She crossed her arms over her chest.
“What? It doesn't work?”
She had given him an excuse.
“Yeah, it doesn't,” he shot back angrily. Even if he was dead, he was still a man and it wasn't something he cared to admit.
The woman stopped then, seeming ashamed that she had forced him to admit it. After a while, she spoke up.
“Does it just, not work or is something wrong with it?”
Zhevir gave her a sidelong look and sighed, running his hands over his face and through his hair. What was he going to tell her? He didn't have anything in his body to get it up with? That would be hard to explain.
“The other girls tell me you're kind of strange.”
“Strange?”
“Yeah, like,” he hesitated, looking down and fussing with the bed covers. “You stop and listen to their hearts a lot, their pulses.”
So they had noticed.

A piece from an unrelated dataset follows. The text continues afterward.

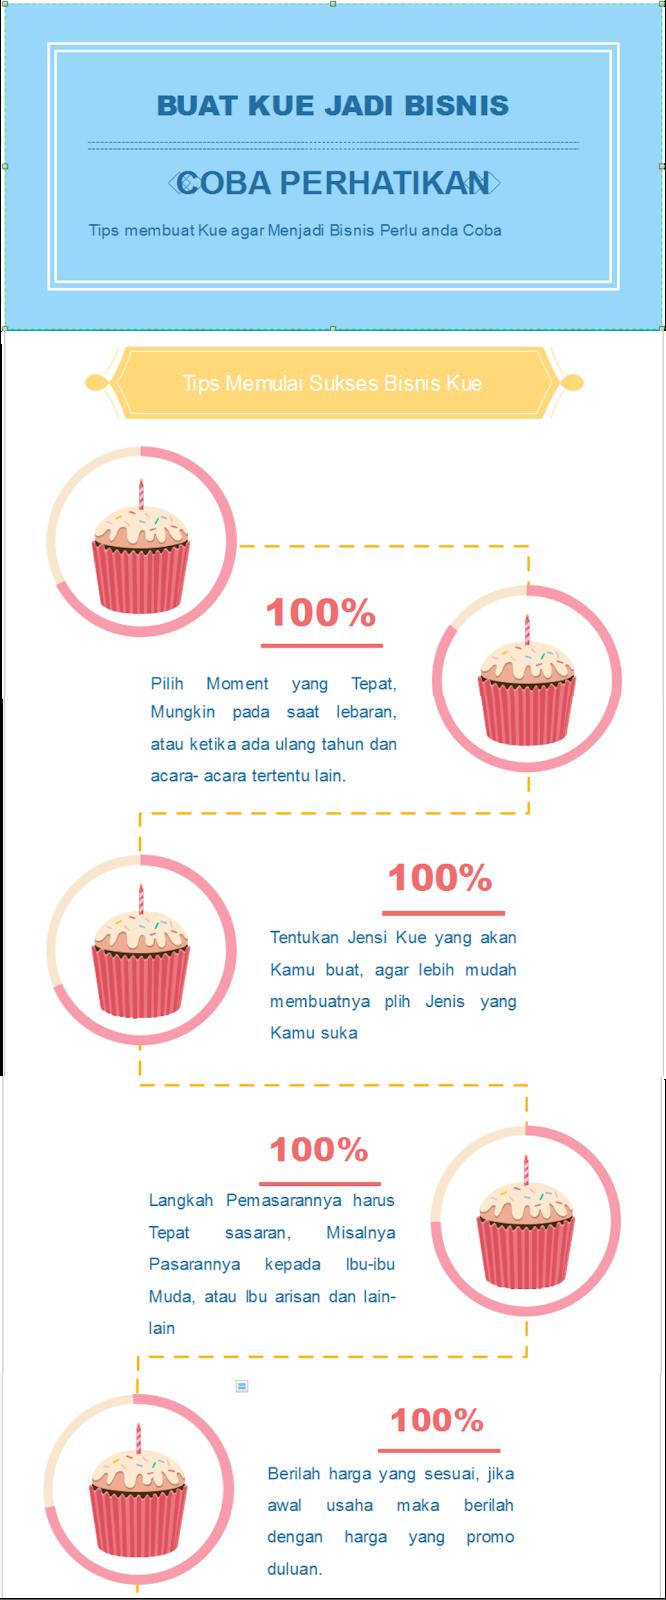 Tips usaha Kue

Zhevir had never been with this woman before, but if she had heard stories, there was a chance she had noticed as well.
“You're a vampire, aren't you?”
That lost Zhevir.
“A what?”
“You know. One of those sexual deviants. The girls tell me the noblemen are really getting into it.”
A sexual deviant certainly wasn't what Zhevir had been thinking about.
“That doesn't explain what it is.”
“Blood,” she said flatly. “I mean, the noblemen can have whichever woman they want, right? Some of 'em get mean and hit us. Guess they up and decided that if they can break the skin, they should be able to have that, too.”
Zhevir looked at her.
“What are you suggesting?”
She slipped from the bed to rummage in a worn sack on the floor. She produced a knife, a long thing, probably used for fishing at one point, with a sharp edge only on one side.
“The Mistress tells us we're allowed to. It's good for all of us if we do.”
She probably meant they got to charge more of a man if he cut one of her girls. Sliding back into bed, she carefully took the point of the knife and pressed it to her fingertip. A small point of blood welled up around it.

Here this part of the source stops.